## Records for processing
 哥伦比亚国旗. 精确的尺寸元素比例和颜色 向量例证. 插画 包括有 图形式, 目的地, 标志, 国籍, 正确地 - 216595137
---
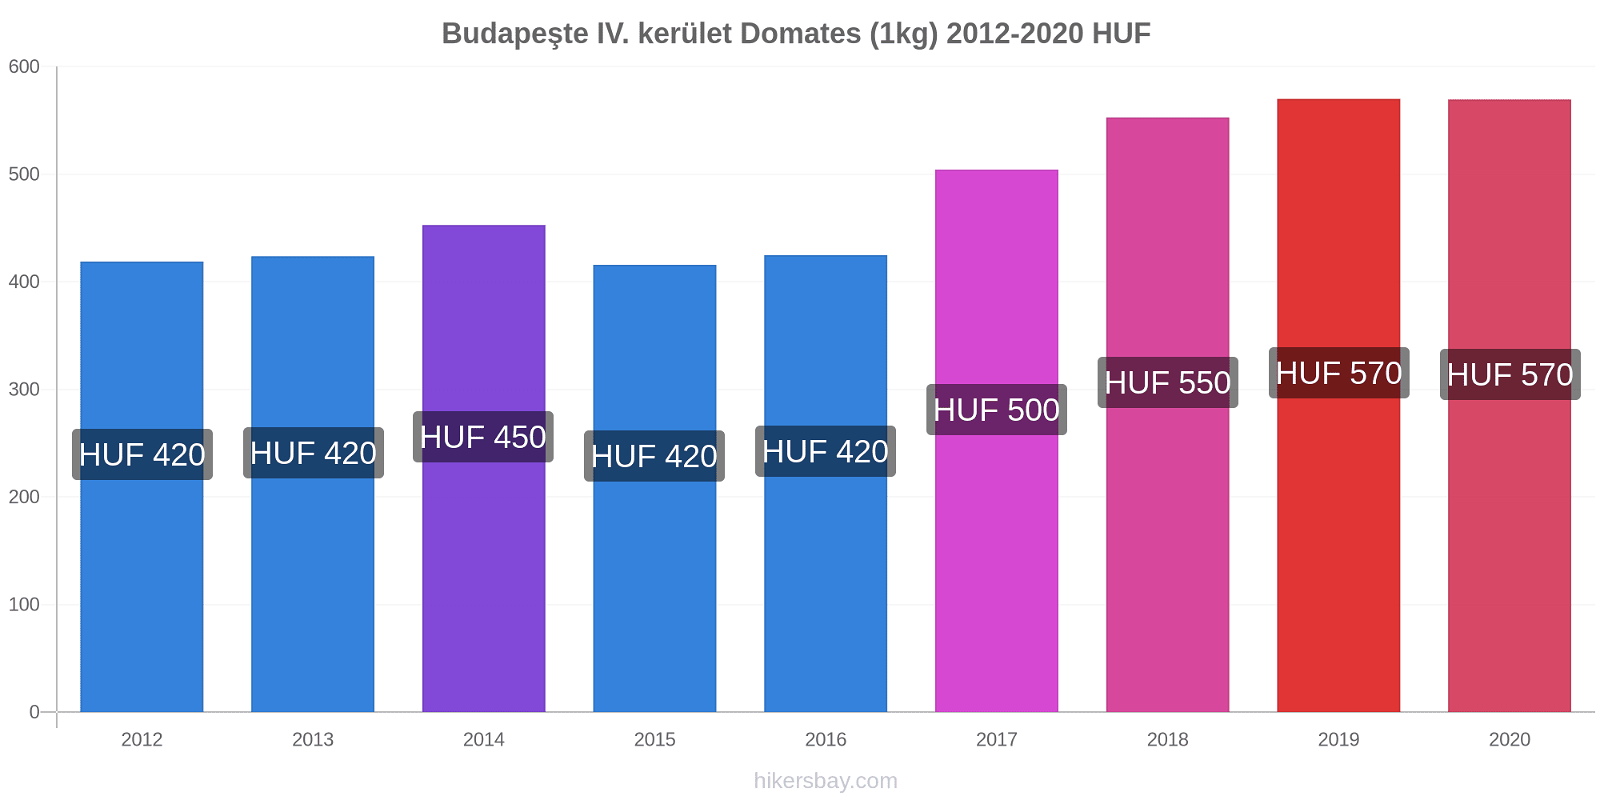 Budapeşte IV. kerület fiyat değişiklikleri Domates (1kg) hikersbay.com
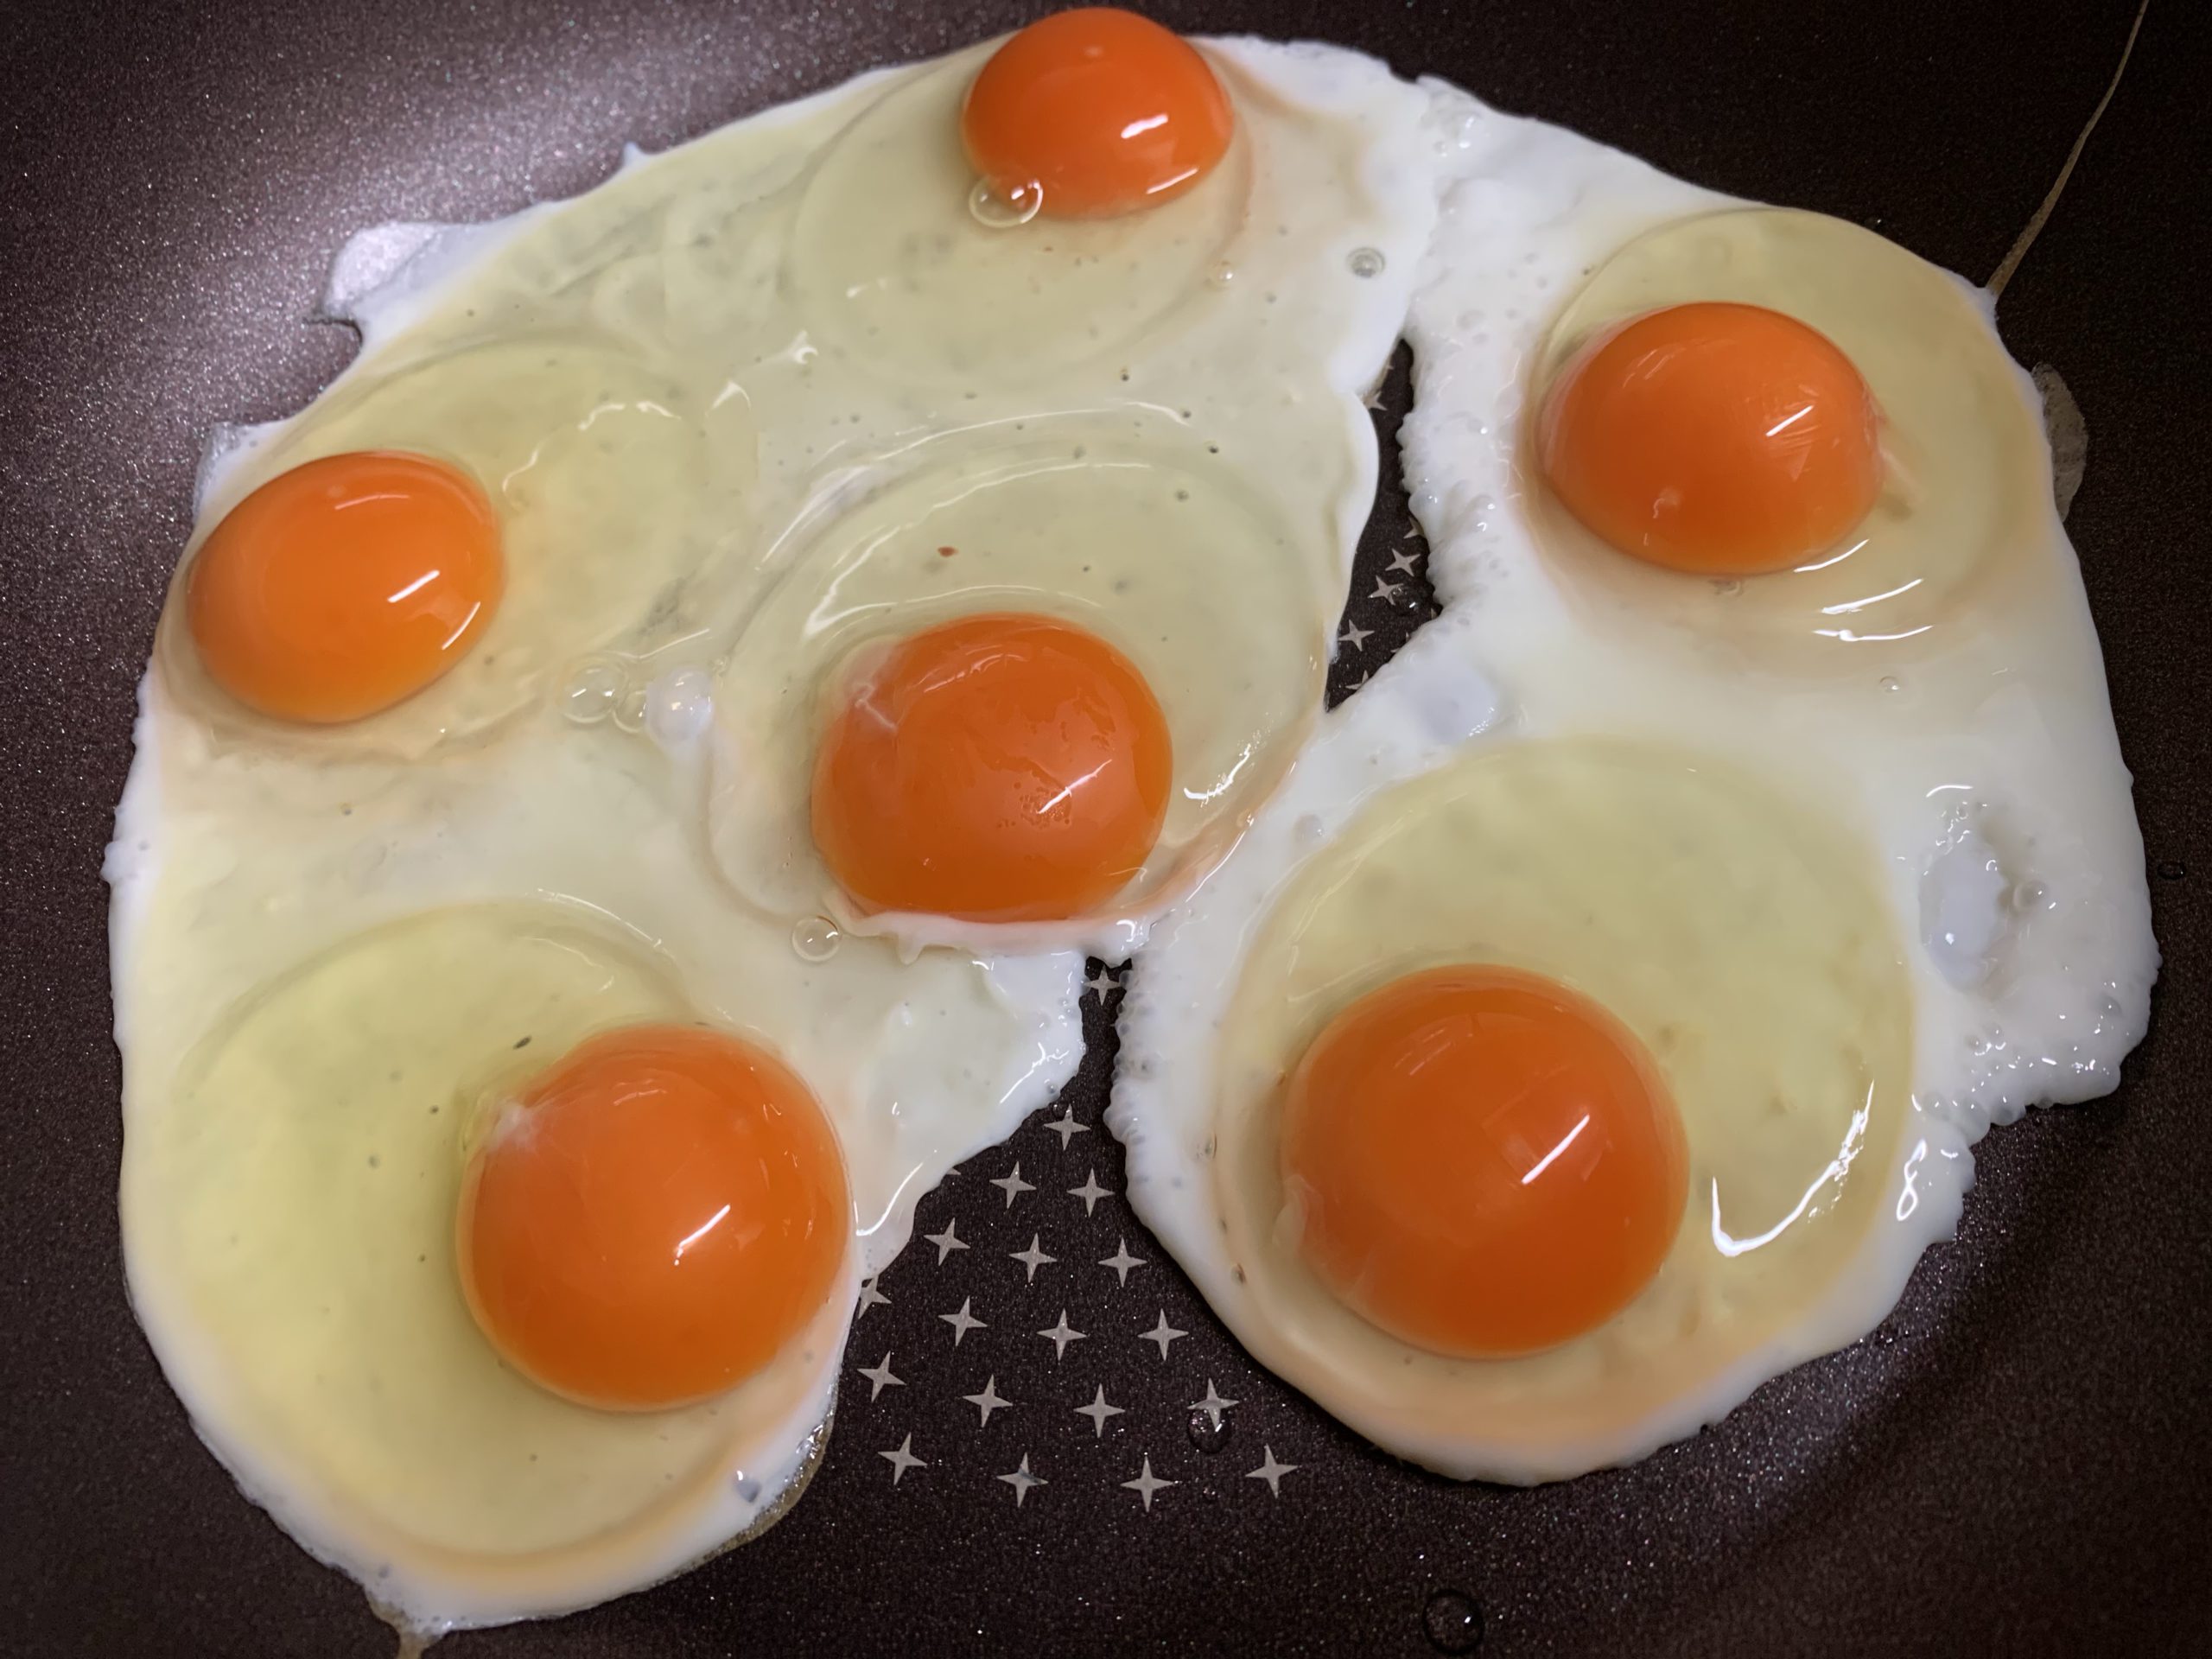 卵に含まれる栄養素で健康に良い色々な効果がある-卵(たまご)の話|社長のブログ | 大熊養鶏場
==
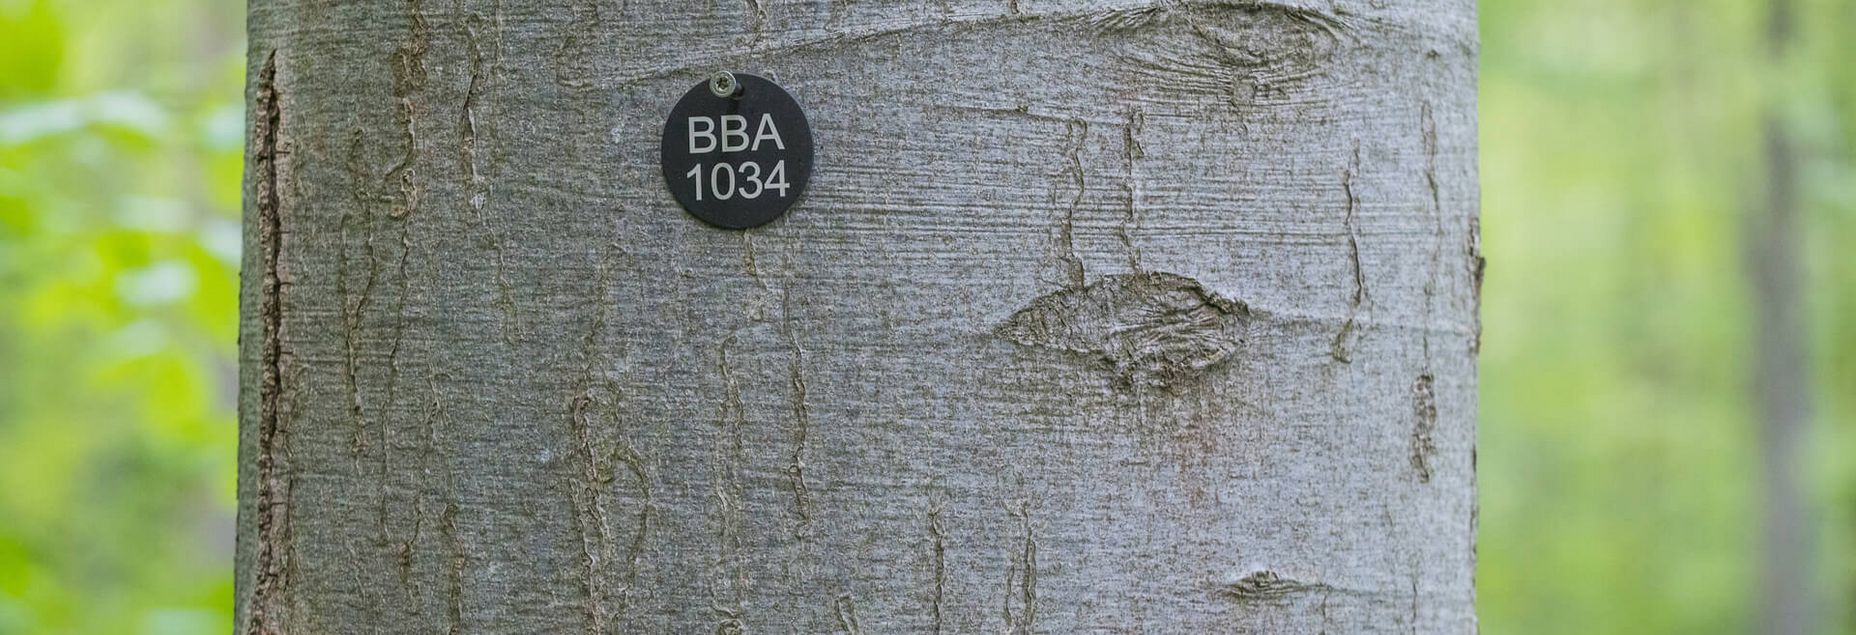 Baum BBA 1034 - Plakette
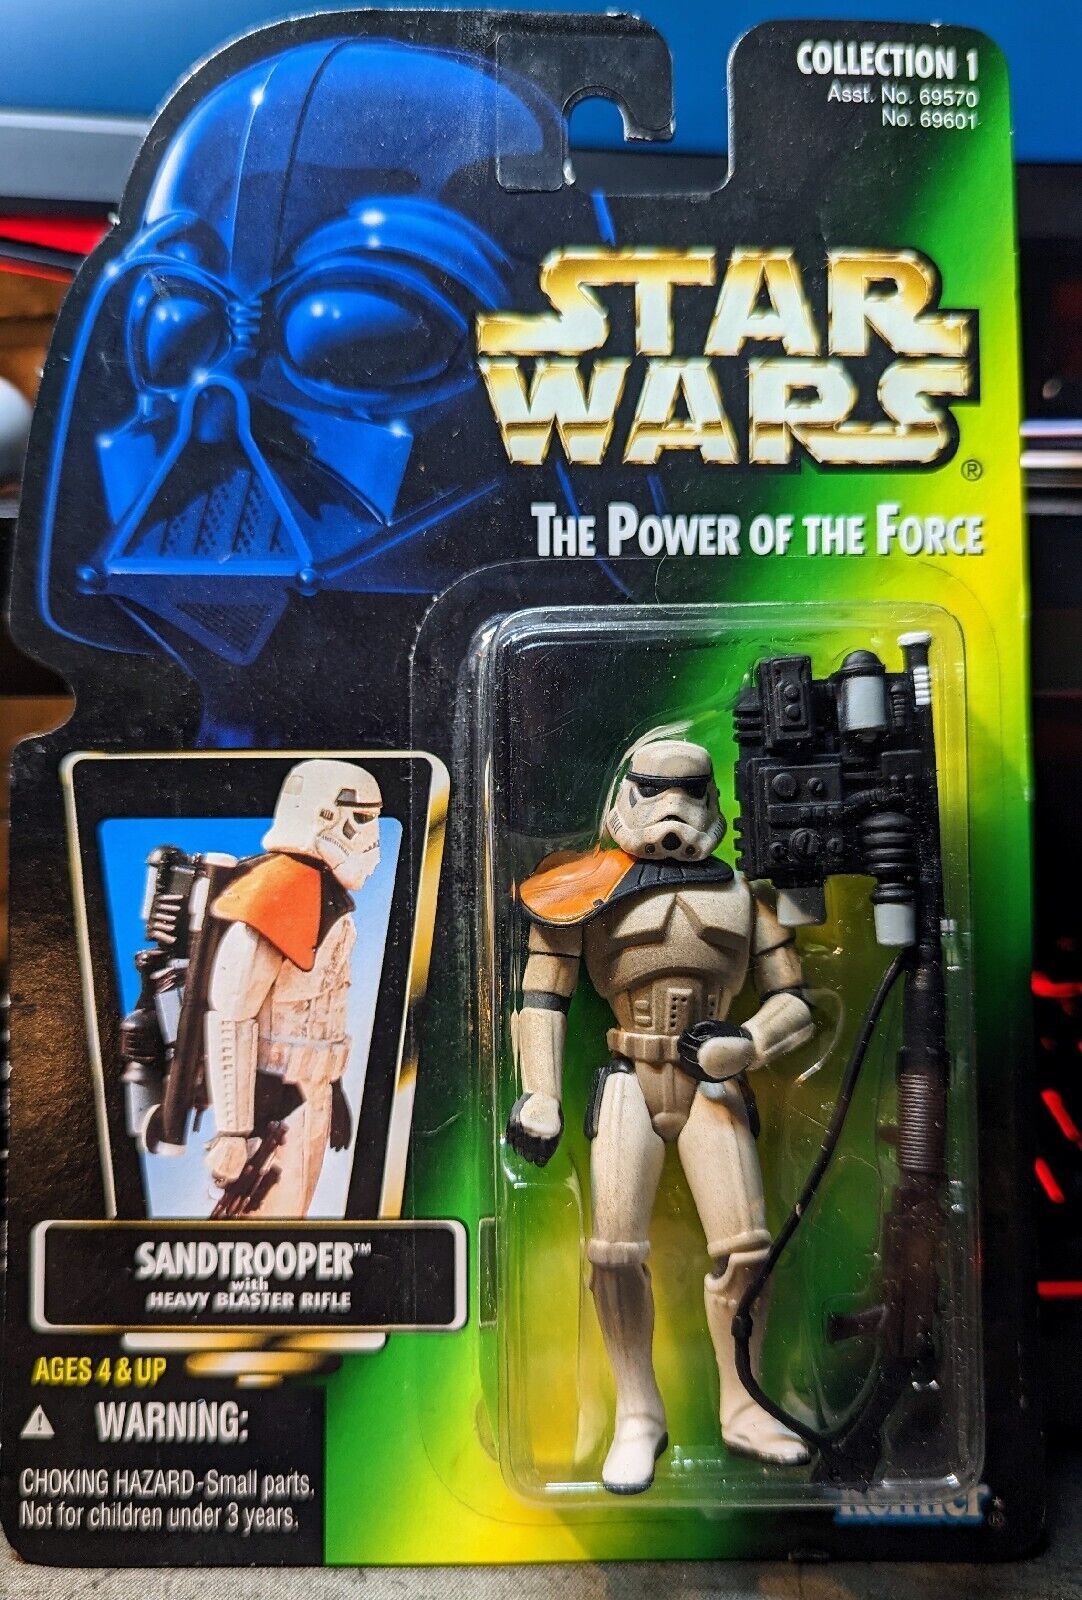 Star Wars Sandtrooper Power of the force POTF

## To do
The lines above starting at the one that holds "Budapeşte IV. kerület" and ending at the one that holds "卵に含まれる栄養素で健康に良い色々な効果がある-卵(たまご)の話|社長のブログ | 大熊養鶏場" are to be written out exactly, ends included, and no pictures are to be copied.

## Output for this exercise
 Budapeşte IV. kerület fiyat değişiklikleri Domates (1kg) hikersbay.com
 卵に含まれる栄養素で健康に良い色々な効果がある-卵(たまご)の話|社長のブログ | 大熊養鶏場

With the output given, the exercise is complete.